В «Игровой зоне» (название-то какое «замечательное»!) одного калининградского торгового центра на большом экране демонстрируется видеоигра «Дом смерти»: лихая парочка, он и она, путешествует по небоскребу, населенному мертвецами и вампирами, ловко расстреливая монстров, вываливающихся с разной скоростью из всевозможных щелей — только успевай отбиваться. Семья на воскресной прогулке: крепко сбитый основательный папа, по виду бизнесмен средней руки, изящная ухоженная — с картинки гламурного журнала — мама, трехлетняя нарядная куколка-дочка — остановились возле экрана.. «Хочешь пострелять?» — щедро предлагает отец. Малышка, не отрывая взгляда от экрана, где снова и снова копошатся отвратительные мертвецы, молчит и на всякий случай нащупывает мамину юбку. «Ну, что ты, постреляй», — присоединяется к уговорам мама. Папа приносит стопку жетонов и начинает показывать, как правильно целиться. Наблюдающая со стороны женщина обращается к маме: «А ваша девочка не напугается?» — и тут же жалеет о своем неравнодушии, натолкнувшись на изумленно-холодное: «Что-о-о?»

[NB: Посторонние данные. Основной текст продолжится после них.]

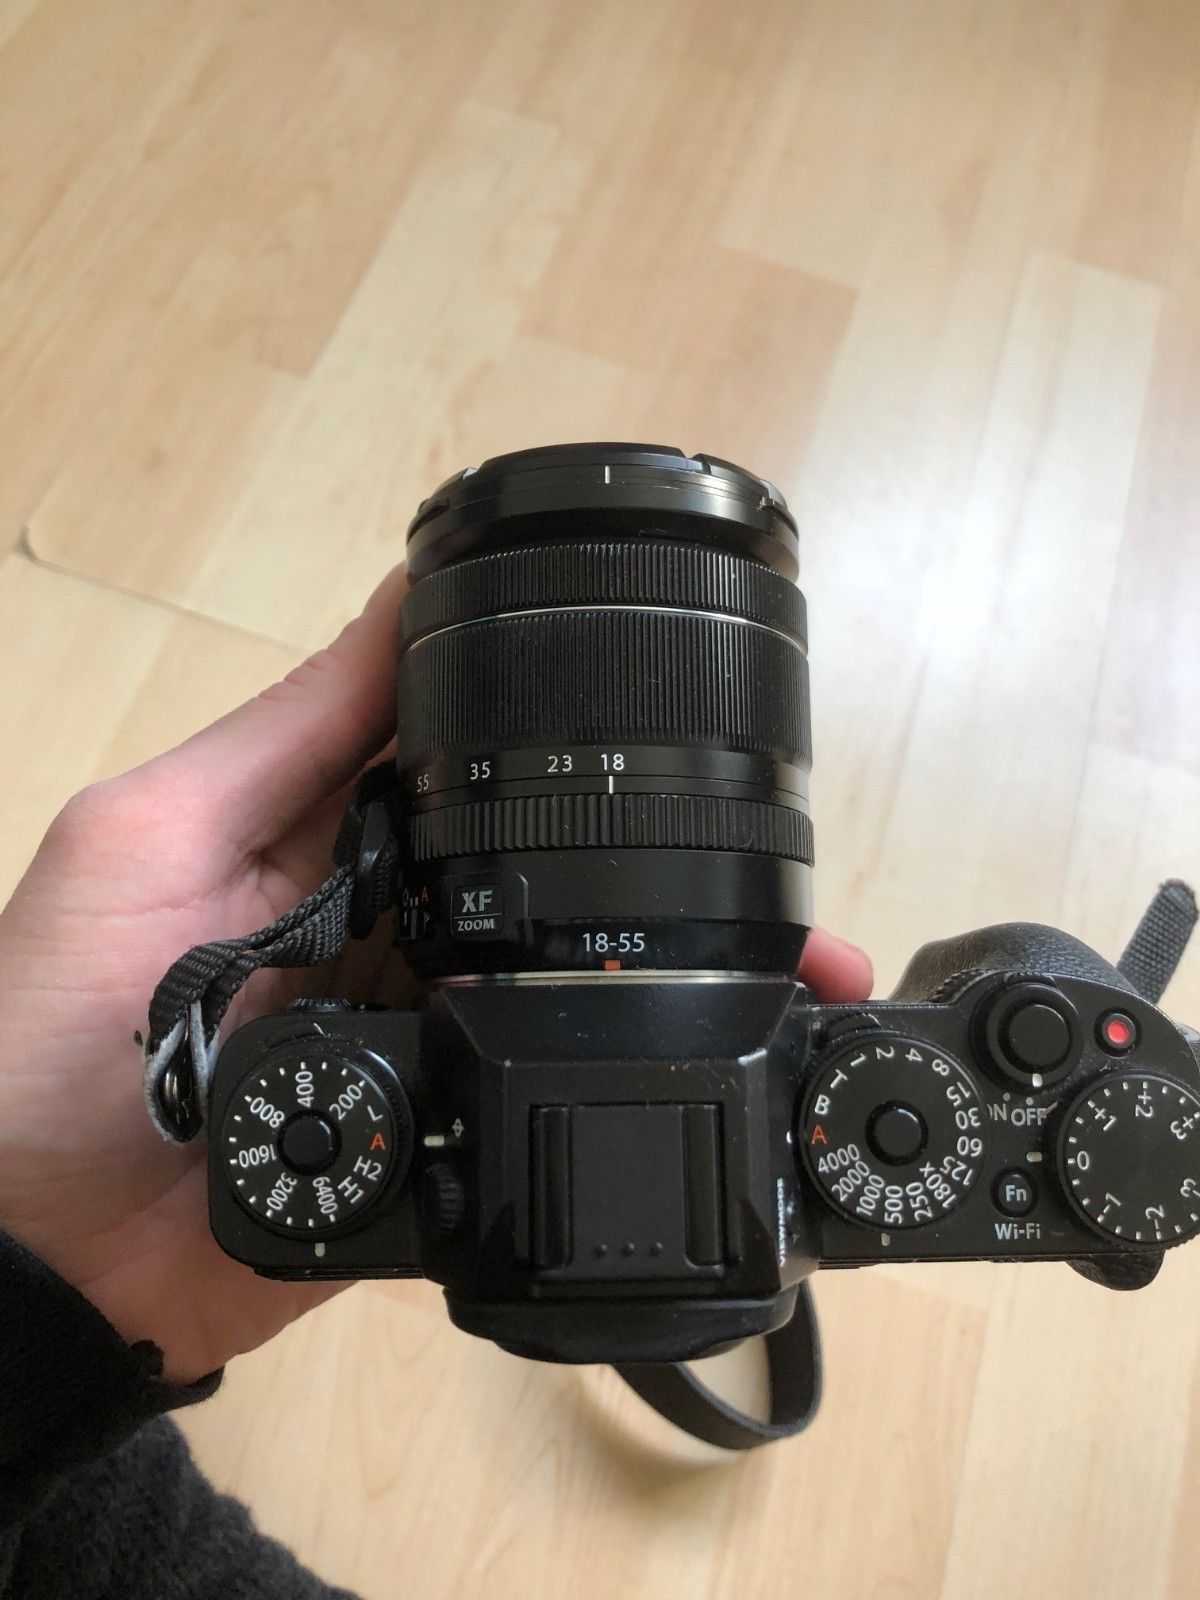 Fujifilm X-T1 Digitalkamera & Fujinon XF 18-55mm f2.8-4 - sehr guter Zustand

Телевидение как замена жизни
Обессмыслившееся современное телевидение продолжает общую тенденцию выхолащивания из общественного сознания продуктивных форм семейного поведения. В тягучих сериалах вяло обсуждаются подробности измен и их последствий, извращенно обогащая существование мыльных героев. Оживление сюжету могут придать такие «неожиданные режиссерские ходы», как одновременное существование двух отцов одной героини. Умиляясь их пламенной любви к внезапно обретенной дочери, нашедшей их через 20 лет в связи со своей неожиданной беременностью вне брака, зритель оставляет за гранью своего восприятия основную нить сюжета: если вдуматься, мать девушки, очевидно, вела распутную жизнь, находясь в близких отношениях с двумя мужчинами одновременно.
Вступающие в юношеский возраст активно формируют свою идентичность. Постоянно сверяют свое представление о себе с предъявляемыми обществом образцами. Формируют установки и стереотипы поведения. Объединяют в единое целое свои представления о себе как о сыне или дочери, брате или сестре, друге или подруге, потенциальном супруге.

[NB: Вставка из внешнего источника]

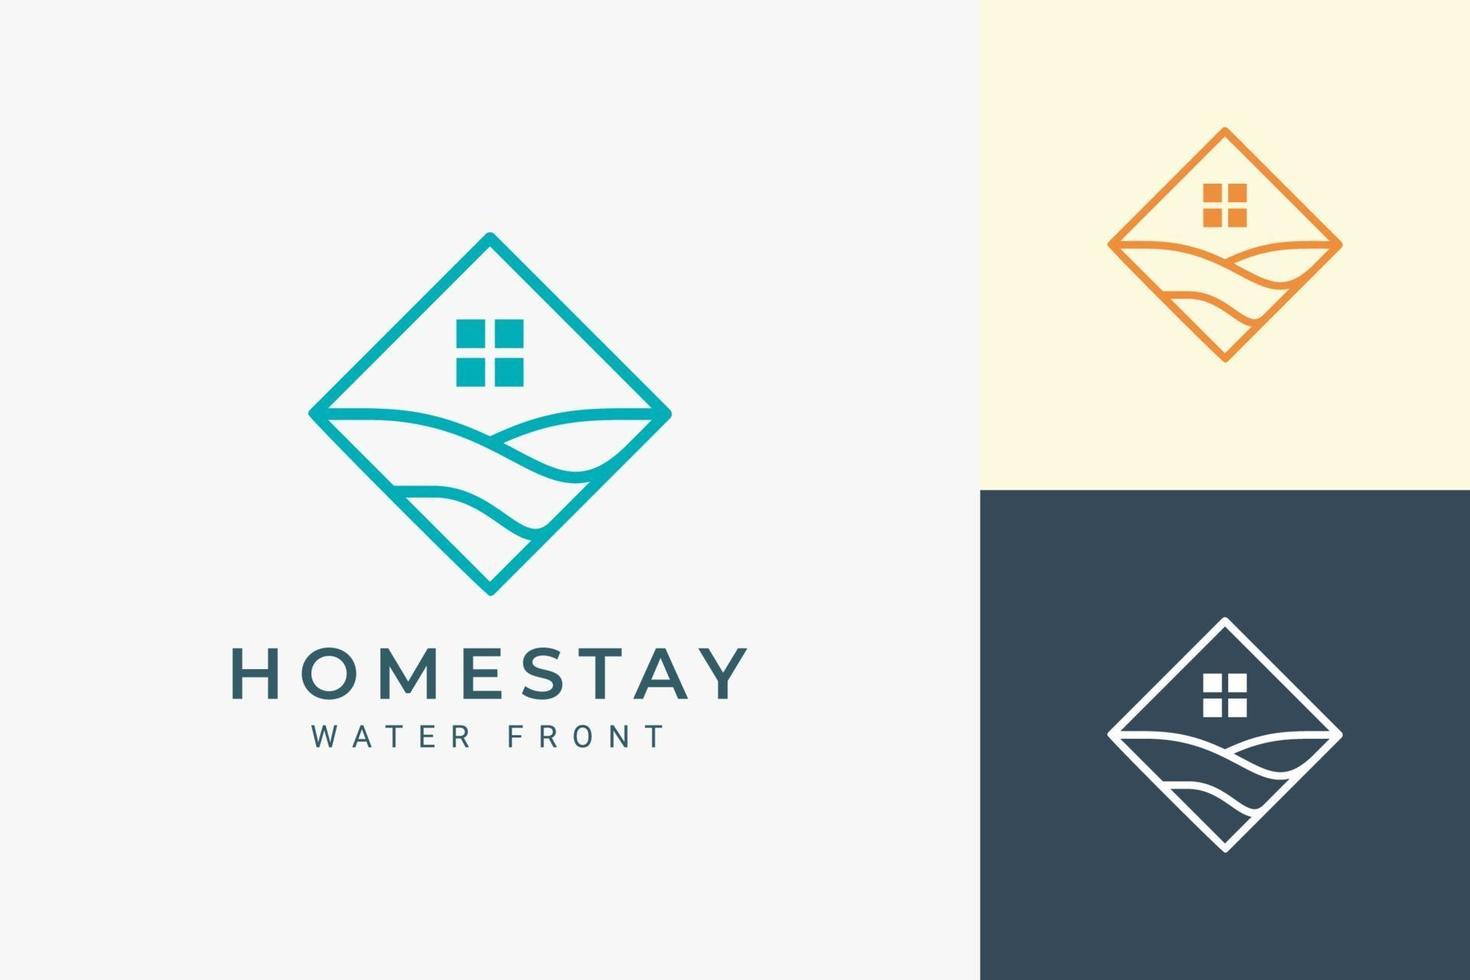 Resort or hotel logo in simple rhombus and ocean wave vector

Стараниями Лолиты Милявской, Анфисы Чеховой и их товарищей по цеху тема целомудрия, верности, любви на экранах ТВ постоянно подвергается осмеянию, низводится к грубым инстинктам. И Лолита, разгуливающая перед концертом по холлу в одних колготках, и Анфиса, плотоядно рассказывающая про срамные места и не менее срамные дела, привносят в копилку юношеских представлений об образе женщины цинизм и бесстыдство. Парикмахер Сергей Зверев регулярно учит страну, как надо жить. Рассказывая находящемуся рядом с ним «сыну», как правильно ухаживать за собой, он транслирует миллионам мальчиков-телезрителей в качестве образца для подражания поведенческие расстройства и неспособность к созданию семьи.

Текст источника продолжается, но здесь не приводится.